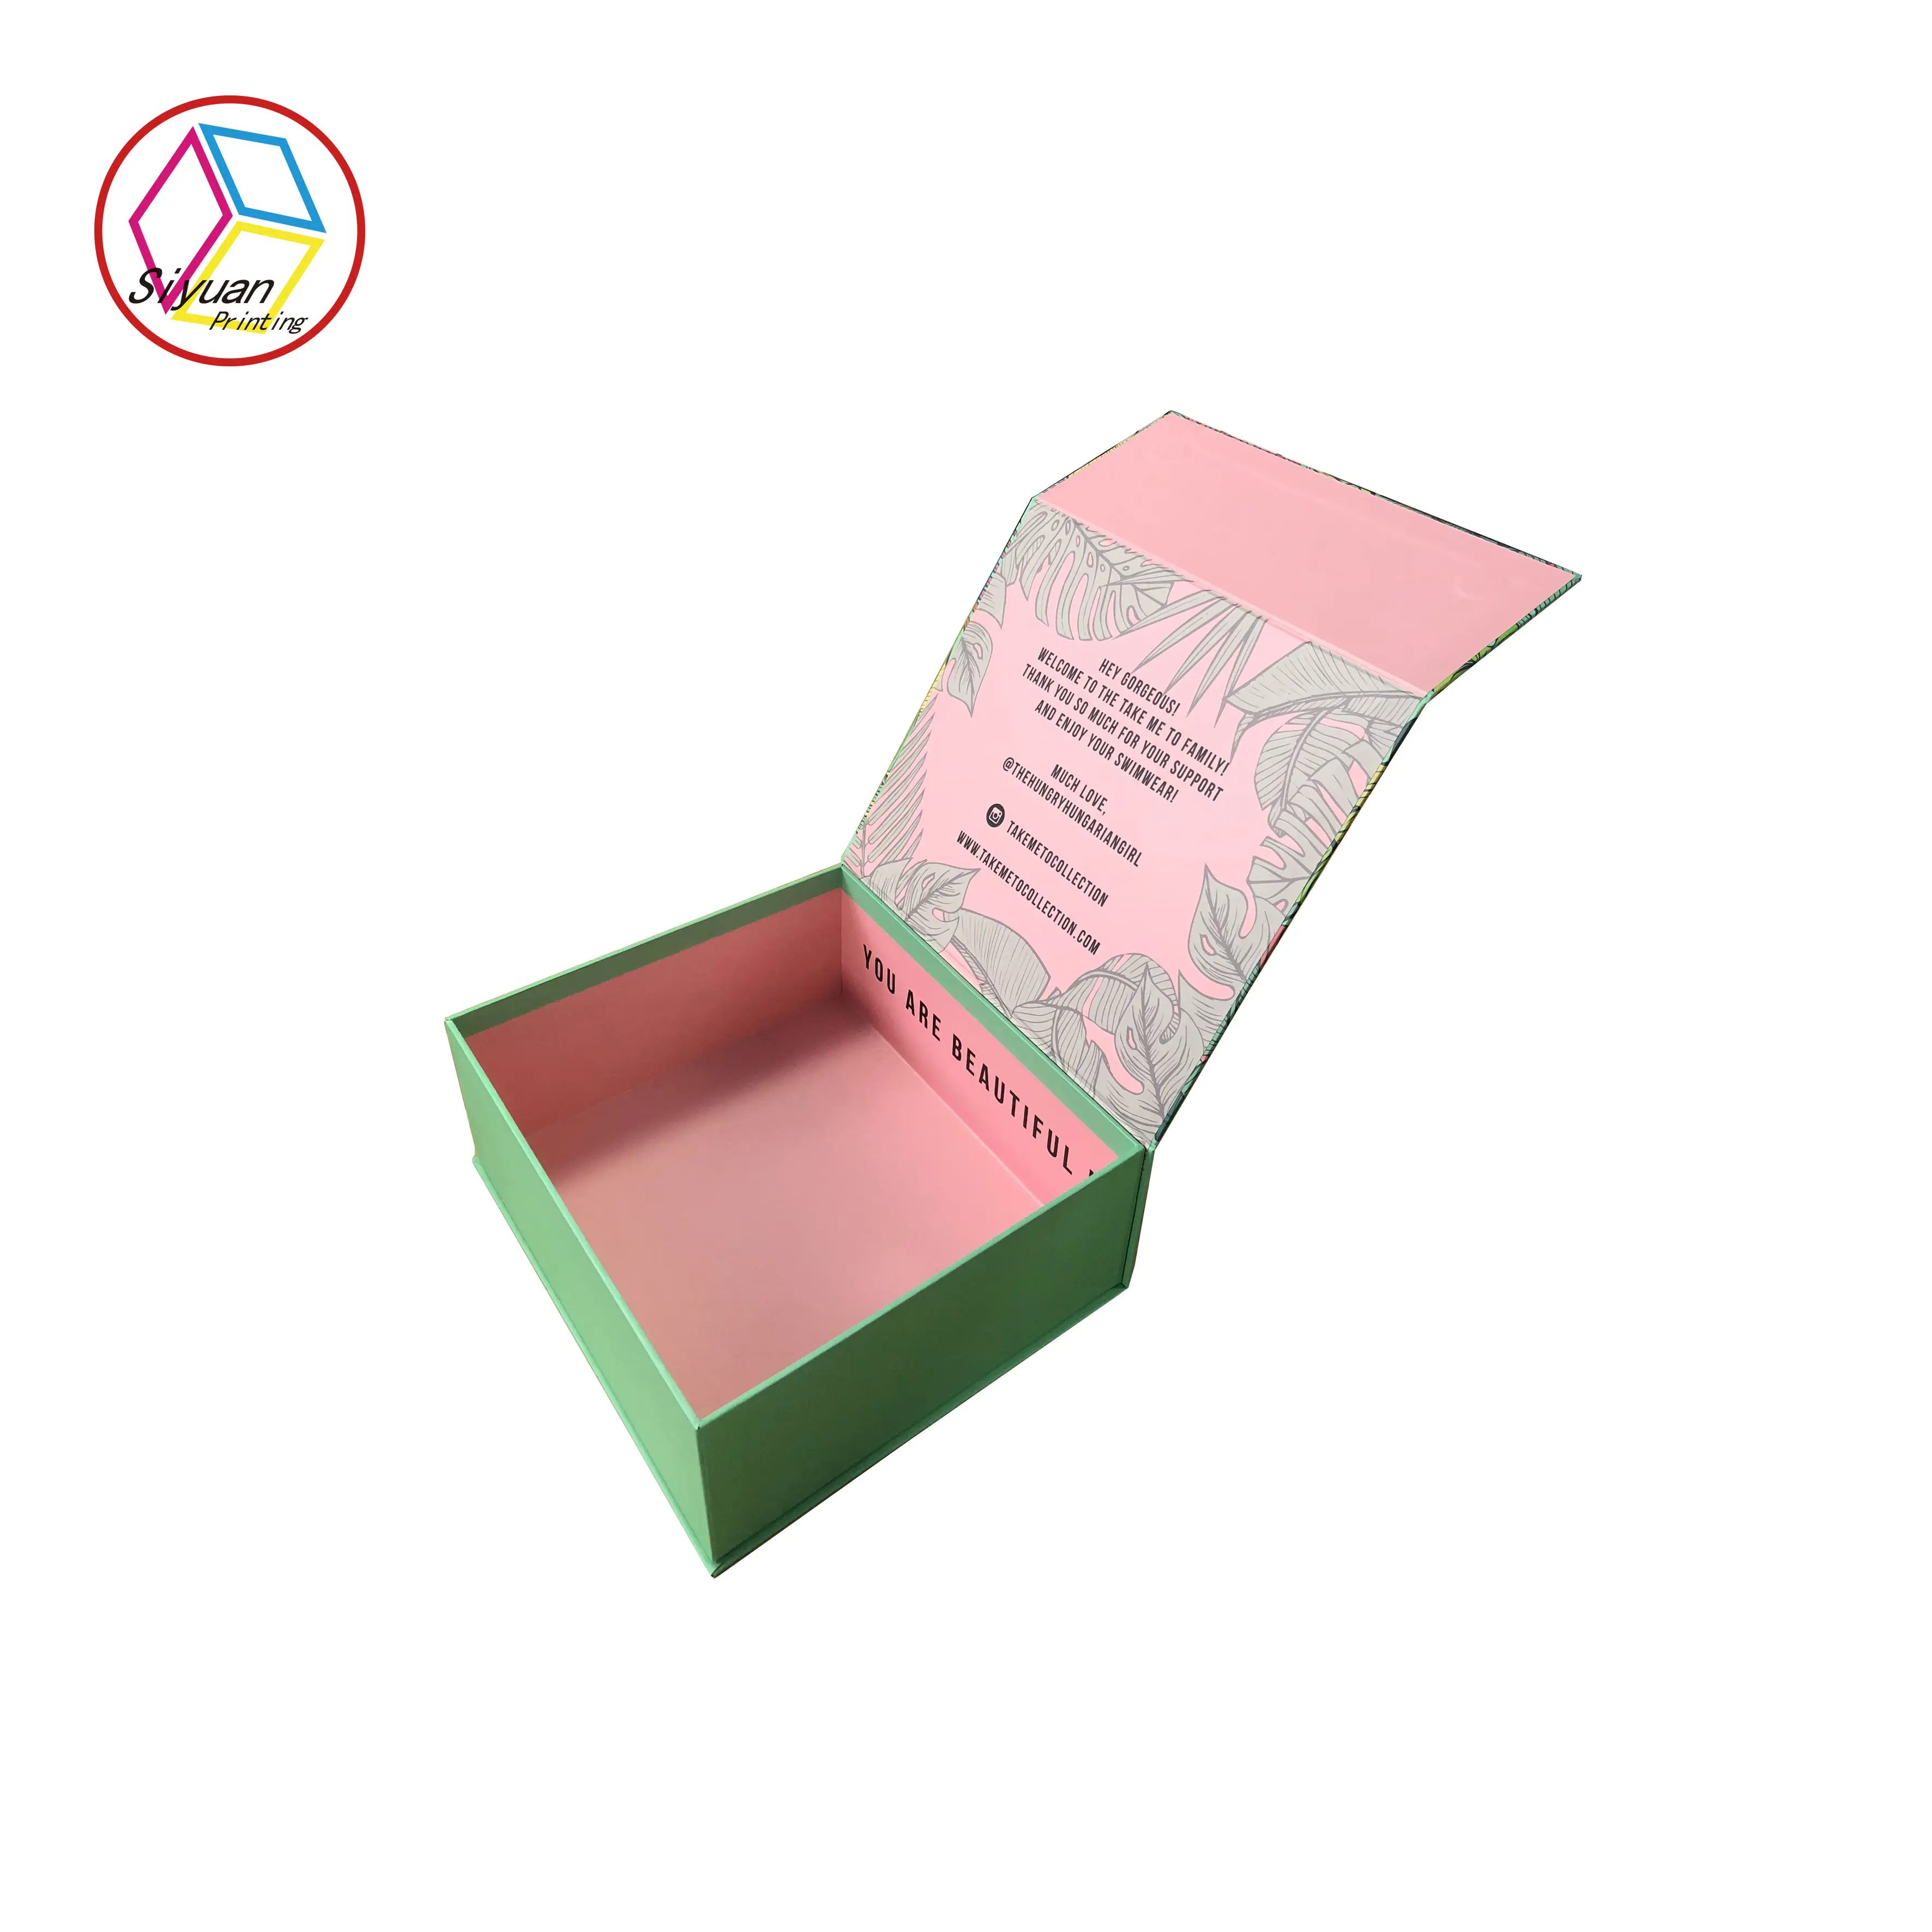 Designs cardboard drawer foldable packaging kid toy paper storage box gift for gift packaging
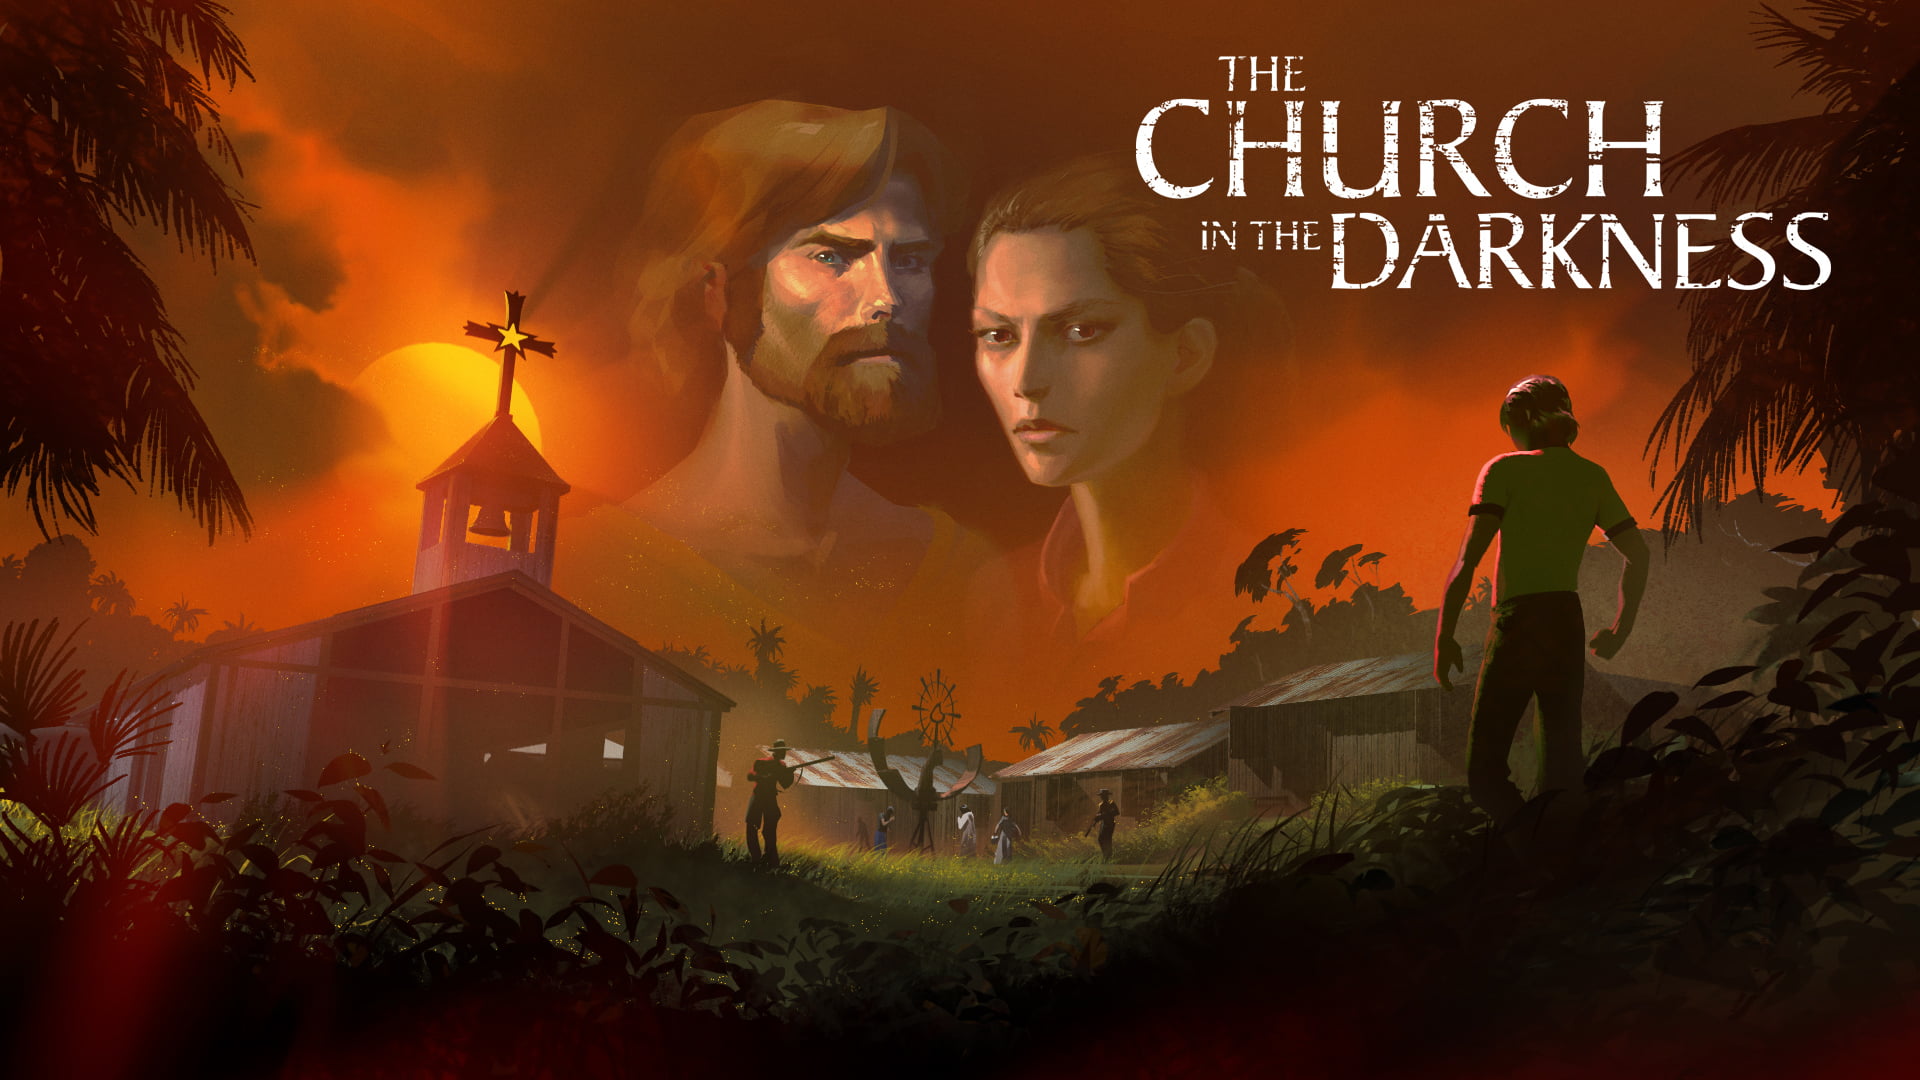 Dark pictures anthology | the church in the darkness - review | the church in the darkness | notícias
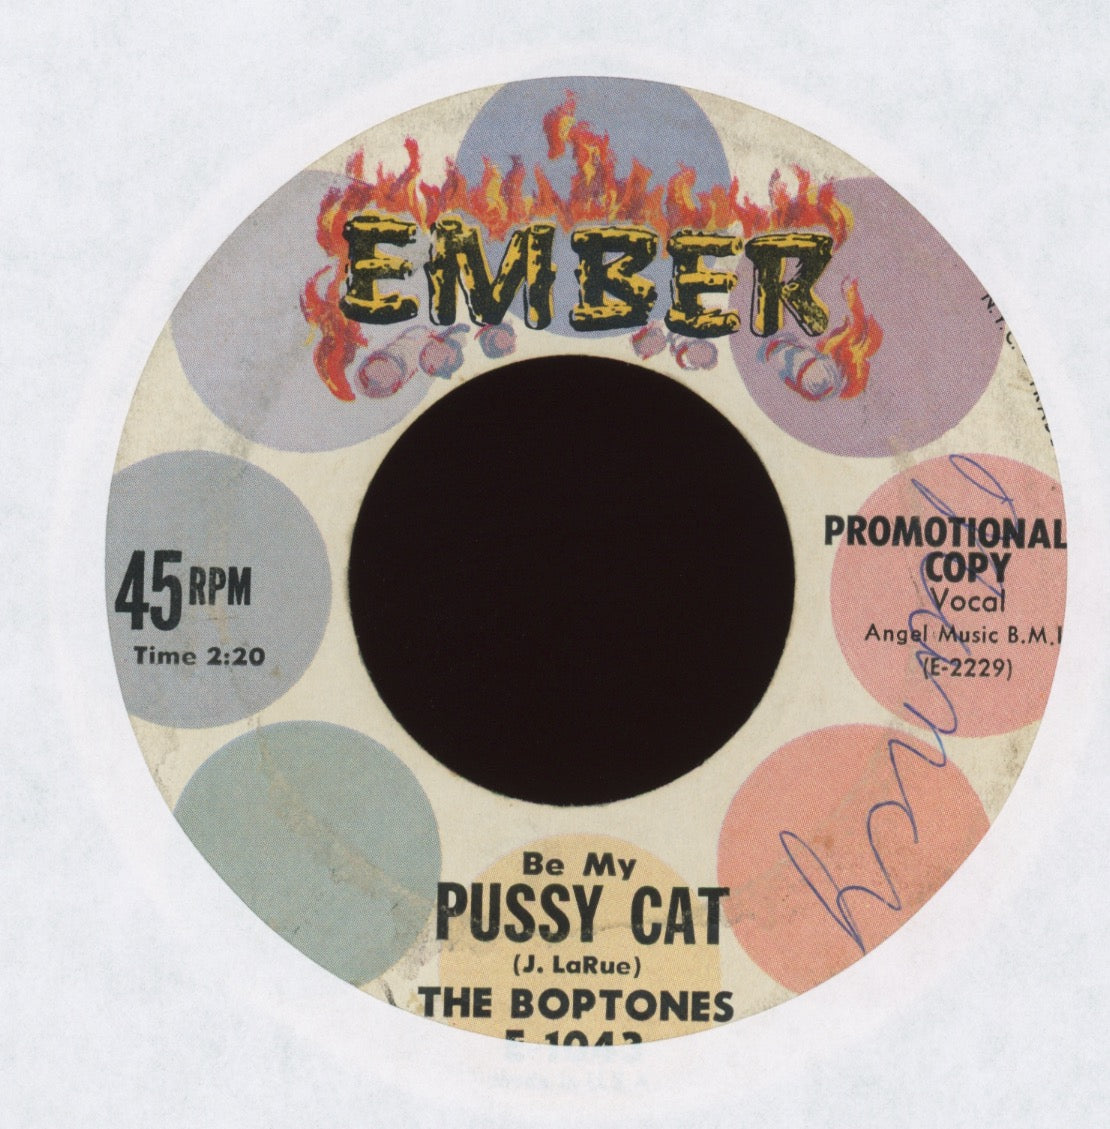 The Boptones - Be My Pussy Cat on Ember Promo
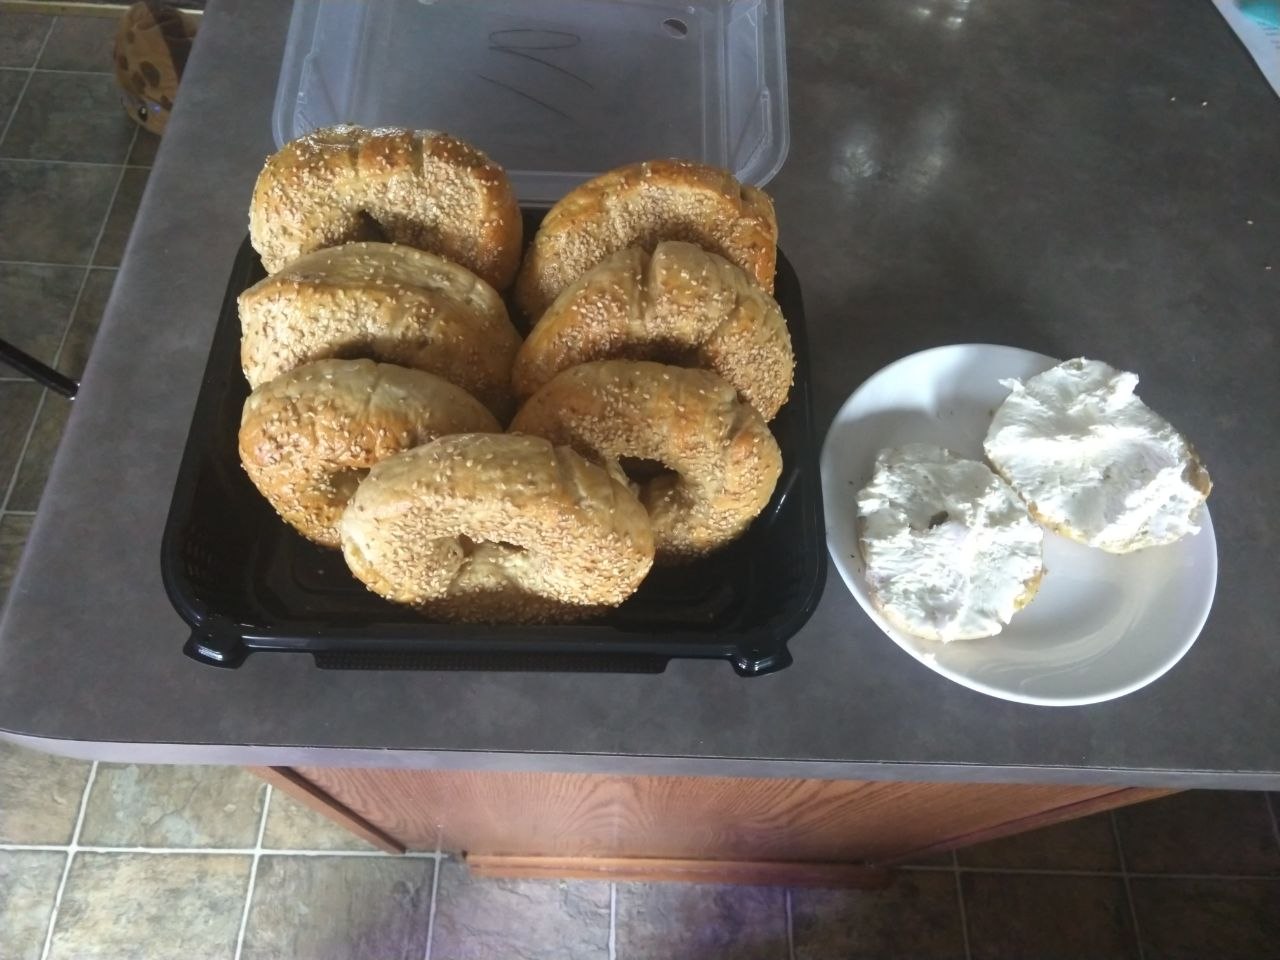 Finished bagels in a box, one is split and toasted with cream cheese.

§ About this task
I'd like the material above repeated exactly, with the pictures omitted.

§ Answer to the problem
 Designs cardboard drawer foldable packaging kid toy paper storage box gift for gift packaging
 Dark pictures anthology | the church in the darkness - review | the church in the darkness | notícias
 The Boptones - Be My Pussy Cat on Ember Promo
 Finished bagels in a box, one is split and toasted with cream cheese.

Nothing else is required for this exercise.